# Sudden, Drastic Drop in MPG



## jreese86 (Feb 16, 2005)

Does anyone have any ideas on what would cause a sudden, drastic decrease in gas mileage, by 5-10mpg?

Air filter is clean, oil changed recently, tire pressure is good.

My mileage just tanked from ~35mpg on premium to ~28mpg on premium, worse on normal gas.

My knowledge is not the greatest when it comes to car maintenance, so any ideas on what else to check?


----------



## PoppinJ (Jun 13, 2005)

If its so abrupt then it's probably more than a comman maintanice problem, for instance it could be your injectors, but they only slowly clog over time. Get some fuel system cleaner just in case though.


----------



## Flying Vv (Apr 10, 2003)

jreese86 said:


> Does anyone have any ideas on what would cause a sudden, drastic decrease in gas mileage, by 5-10mpg?
> 
> Air filter is clean, oil changed recently, tire pressure is good.
> 
> ...


 Did you break in the car? Im betting no.
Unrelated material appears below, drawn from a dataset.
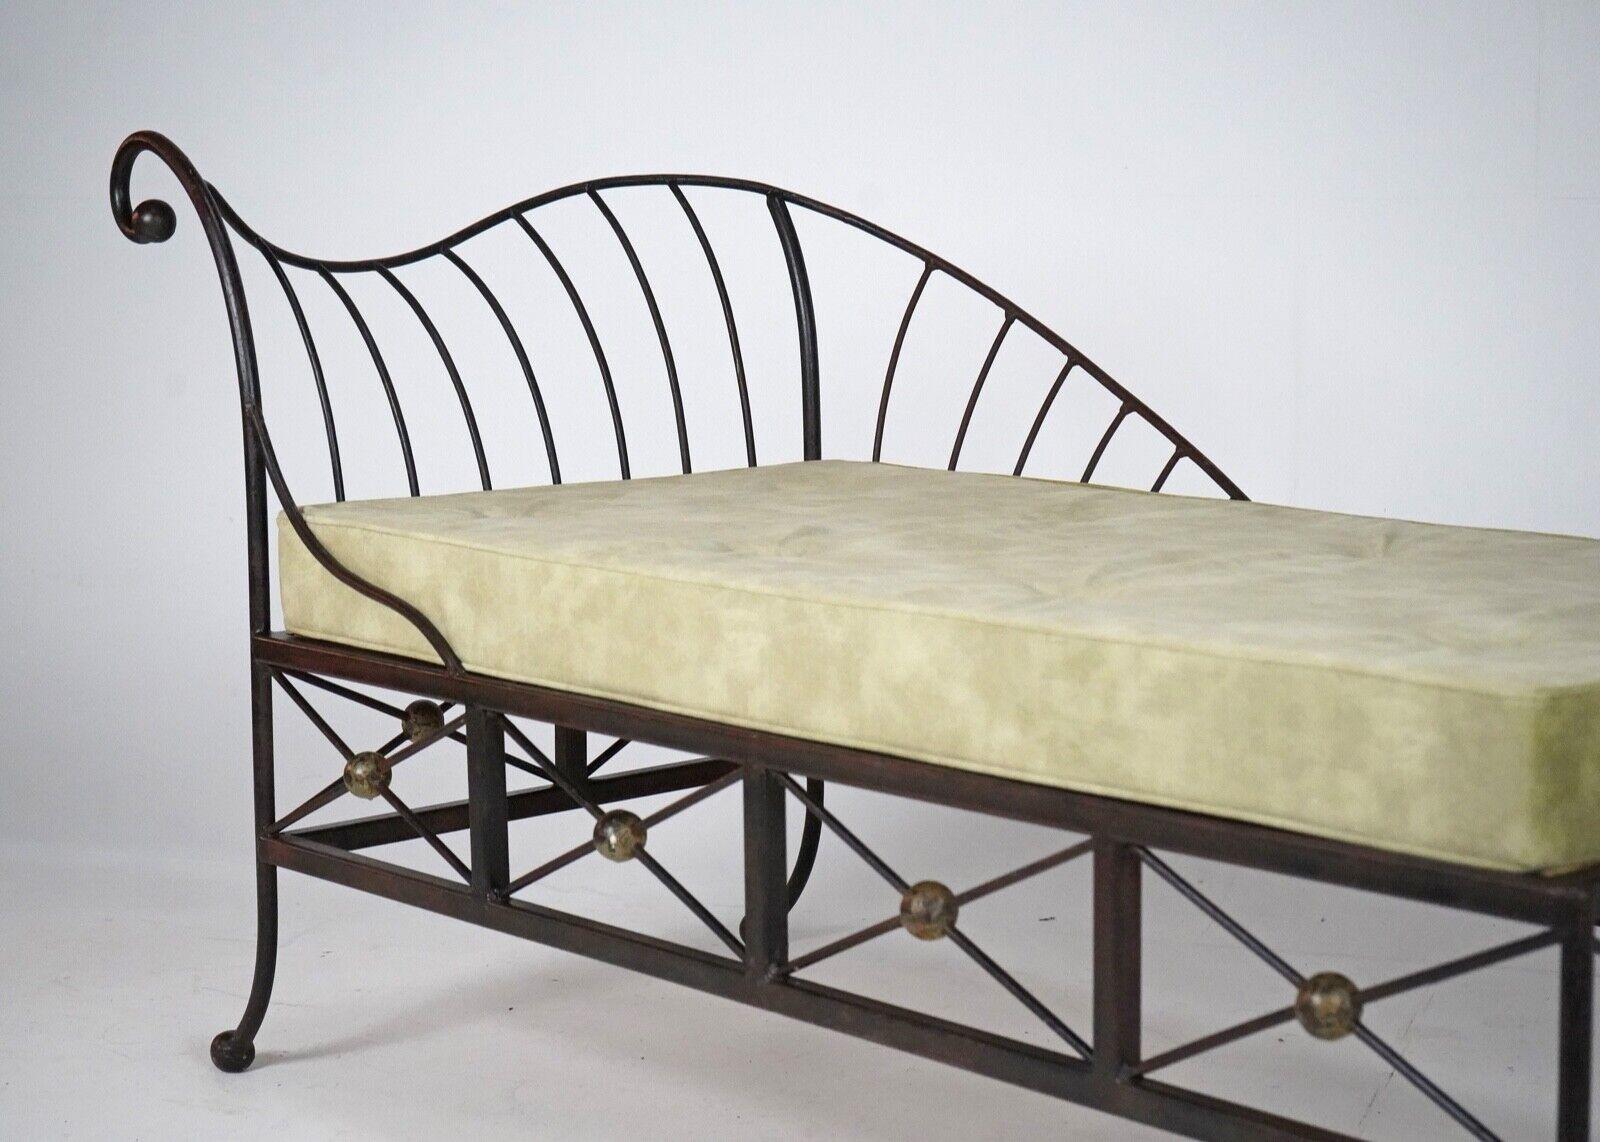 Vintage Französisch Box Stahl Metall Day Bed, Sun Lounger, Chaise Lounge Green Seat 1

Also could be the quality of the gas.


----------



## jreese86 (Feb 16, 2005)

Flying V said:


> Did you break in the car? Im betting no.
> 
> Also could be the quality of the gas.


I bought it used, so I don't know if it got broke in or not.
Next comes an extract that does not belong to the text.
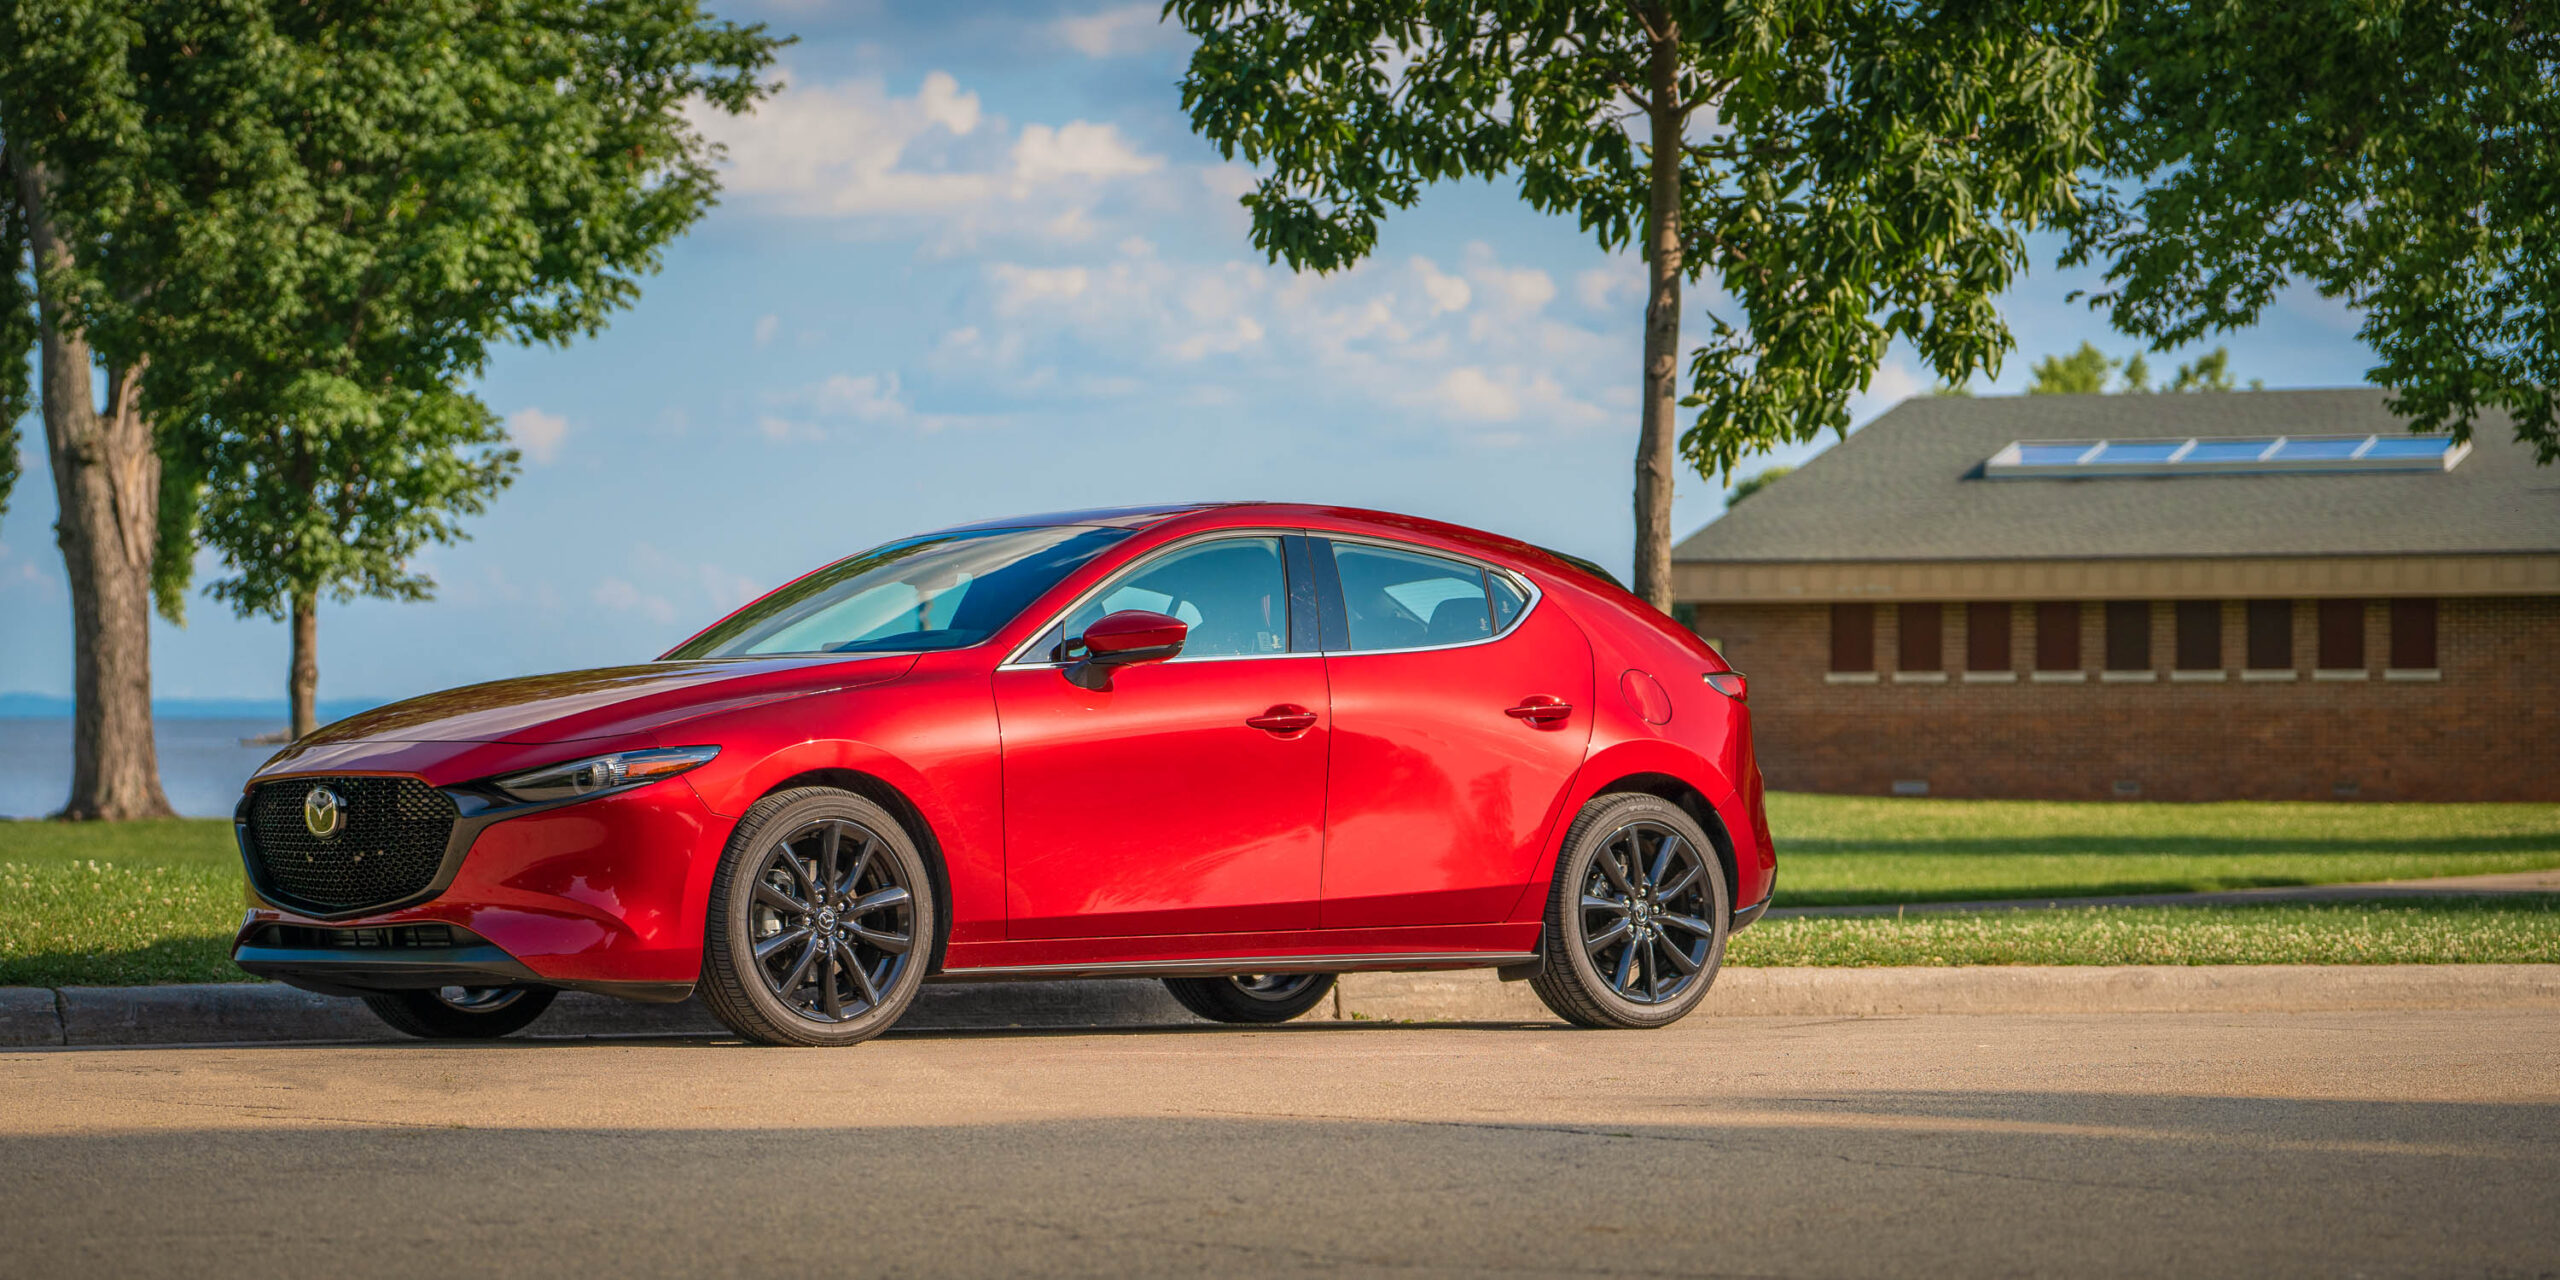 2019 Mazda3 Hatchback AWD Review – Comfortable Alternative

The bad gas mileage has spanned over the last 4 tanks of gas, all pumped at different places. I usually run it down damn near empty, so if it was bad gas, it should be gone for the most part.


----------



## Flying Vv (Apr 10, 2003)

Next time dont run it to " damn near empty" unless you absolutely have to. Sediment and such can build up at the bottom of a tank and clog your injectors. Warranty on the car?


----------



## jreese86 (Feb 16, 2005)

By damn near empty I mean around 1 gallon left.

Only warrantly left is the powertrain warranty.
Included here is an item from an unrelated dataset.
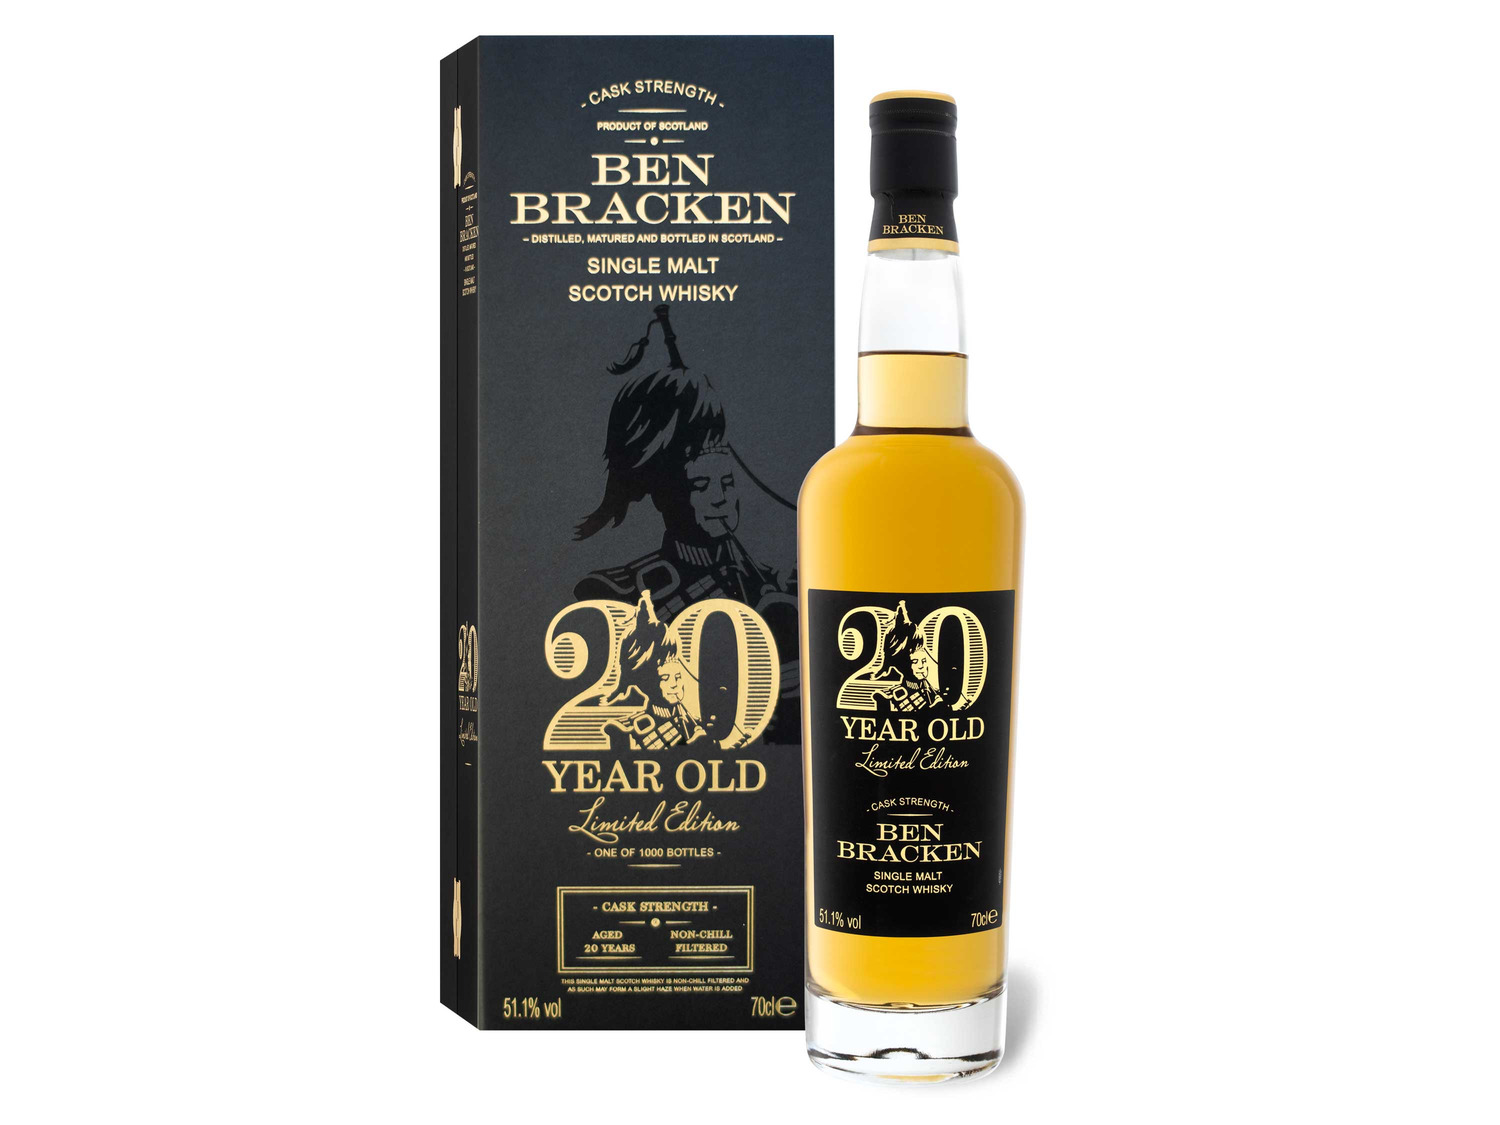 Ben Bracken Single Malt Scotch Whisky Limited Edition …

The car has roughly 77k miles on it, if that tells you anything.


----------



## Flying Vv (Apr 10, 2003)

ah well that is expected. Fuel pump may be out along with the fuel lines and injectors. Might want to take it in to have it service.


----------



## jreese86 (Feb 16, 2005)

Kinda busy this week, anything I can watch for between now and next week that might be a sign of those problems?


----------



## Zac (Mar 10, 2004)

IIRC your car only needs 87. In many engines, running inproper octane can cause worse mileage and in the case of running too high of an octane, it can cause a rotten egg smell. If your filter is clean, oil is up to date, and tyres are pressured well, then I would do two things. One, run two runs of Techron fuel system cleaner. Two, check your spark plugs. More likely than not, your spark plugs need to be changed. I do not know if your car has a fuel filter or not but if it does, then it may be time to change it.


----------



## Kindfiend (Oct 13, 2004)

Zac said:


> IIRC your car only needs 87. In many engines, running inproper octane can cause worse mileage and in the case of running too high of an octane, it can cause a rotten egg smell. If your filter is clean, oil is up to date, and tyres are pressured well, then I would do two things. One, run two runs of Techron fuel system cleaner. Two, check your spark plugs. More likely than not, your spark plugs need to be changed. I do not know if your car has a fuel filter or not but if it does, then it may be time to change it.


2x on the 87. I noticed I got better gas milage and acceleration using the lowest grade. Also consider the 02 sensors, they play a pretty big role in how your car does on gas.


----------



## Bror Jace (Apr 26, 2003)

Guys, don't forget sticking brakes. :waving:

A sticking caliper (brake always on) will cause just such a sudden drop in mileage ... and may make the car feel sluggish to boot. 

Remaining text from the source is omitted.